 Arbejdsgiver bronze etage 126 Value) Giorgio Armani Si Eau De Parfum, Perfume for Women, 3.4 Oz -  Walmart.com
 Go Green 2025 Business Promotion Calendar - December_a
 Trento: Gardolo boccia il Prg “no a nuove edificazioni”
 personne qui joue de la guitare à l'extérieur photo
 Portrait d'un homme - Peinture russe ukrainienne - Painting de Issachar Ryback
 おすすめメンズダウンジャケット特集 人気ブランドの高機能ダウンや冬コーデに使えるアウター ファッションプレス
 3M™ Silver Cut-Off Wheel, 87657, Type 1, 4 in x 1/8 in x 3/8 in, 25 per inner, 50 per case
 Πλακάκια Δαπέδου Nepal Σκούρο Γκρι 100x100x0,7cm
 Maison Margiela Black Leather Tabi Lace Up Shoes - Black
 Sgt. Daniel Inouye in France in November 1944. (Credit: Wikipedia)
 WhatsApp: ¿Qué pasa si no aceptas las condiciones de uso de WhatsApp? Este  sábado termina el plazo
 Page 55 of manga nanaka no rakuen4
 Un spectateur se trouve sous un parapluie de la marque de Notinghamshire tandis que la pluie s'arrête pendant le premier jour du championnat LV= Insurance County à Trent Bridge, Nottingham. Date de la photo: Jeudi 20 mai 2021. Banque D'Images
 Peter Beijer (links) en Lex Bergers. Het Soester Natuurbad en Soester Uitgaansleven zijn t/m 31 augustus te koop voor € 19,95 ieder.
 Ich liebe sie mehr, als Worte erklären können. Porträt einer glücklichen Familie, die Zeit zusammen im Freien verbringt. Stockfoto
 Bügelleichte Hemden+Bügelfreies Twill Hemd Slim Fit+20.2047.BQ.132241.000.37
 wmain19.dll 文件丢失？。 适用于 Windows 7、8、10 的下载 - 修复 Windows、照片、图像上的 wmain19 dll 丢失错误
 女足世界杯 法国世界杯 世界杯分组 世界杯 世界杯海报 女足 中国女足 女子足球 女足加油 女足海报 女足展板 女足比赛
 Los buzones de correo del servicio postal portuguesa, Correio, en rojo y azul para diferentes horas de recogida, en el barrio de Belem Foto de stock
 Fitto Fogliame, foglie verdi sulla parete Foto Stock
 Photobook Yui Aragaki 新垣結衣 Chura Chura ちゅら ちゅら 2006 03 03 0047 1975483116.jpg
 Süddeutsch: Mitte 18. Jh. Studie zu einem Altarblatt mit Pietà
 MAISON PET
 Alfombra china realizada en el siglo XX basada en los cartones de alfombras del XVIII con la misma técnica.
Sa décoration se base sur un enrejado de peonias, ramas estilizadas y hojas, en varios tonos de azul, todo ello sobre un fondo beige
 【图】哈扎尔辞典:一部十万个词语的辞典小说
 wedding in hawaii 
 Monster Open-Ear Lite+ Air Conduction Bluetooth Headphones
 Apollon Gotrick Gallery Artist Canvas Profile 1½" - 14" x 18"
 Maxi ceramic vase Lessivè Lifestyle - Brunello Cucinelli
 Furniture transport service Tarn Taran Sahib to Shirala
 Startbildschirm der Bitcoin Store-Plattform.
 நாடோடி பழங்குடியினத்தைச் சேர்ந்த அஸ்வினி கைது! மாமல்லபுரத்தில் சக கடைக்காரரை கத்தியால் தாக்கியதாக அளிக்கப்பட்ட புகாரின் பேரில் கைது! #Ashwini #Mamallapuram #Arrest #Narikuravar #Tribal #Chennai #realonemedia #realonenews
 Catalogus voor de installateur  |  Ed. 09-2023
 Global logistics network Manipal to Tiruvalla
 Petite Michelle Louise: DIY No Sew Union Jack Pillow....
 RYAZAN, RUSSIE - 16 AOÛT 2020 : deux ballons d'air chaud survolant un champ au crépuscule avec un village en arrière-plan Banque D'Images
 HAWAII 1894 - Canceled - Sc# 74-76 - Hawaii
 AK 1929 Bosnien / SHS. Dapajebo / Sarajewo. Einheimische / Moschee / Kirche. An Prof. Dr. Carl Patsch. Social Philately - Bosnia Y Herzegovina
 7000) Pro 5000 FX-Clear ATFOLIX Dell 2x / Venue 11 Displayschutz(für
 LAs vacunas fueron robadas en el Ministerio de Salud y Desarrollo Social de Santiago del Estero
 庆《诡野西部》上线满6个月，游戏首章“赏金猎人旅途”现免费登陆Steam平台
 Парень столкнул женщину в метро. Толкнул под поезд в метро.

──────────────────────────────

§ **Activity**:
Of the lines above, show those in which "azul" appears.

§ **Task response**:
 Los buzones de correo del servicio postal portuguesa, Correio, en rojo y azul para diferentes horas de recogida, en el barrio de Belem Foto de stock
Sa décoration se base sur un enrejado de peonias, ramas estilizadas y hojas, en varios tonos de azul, todo ello sobre un fondo beige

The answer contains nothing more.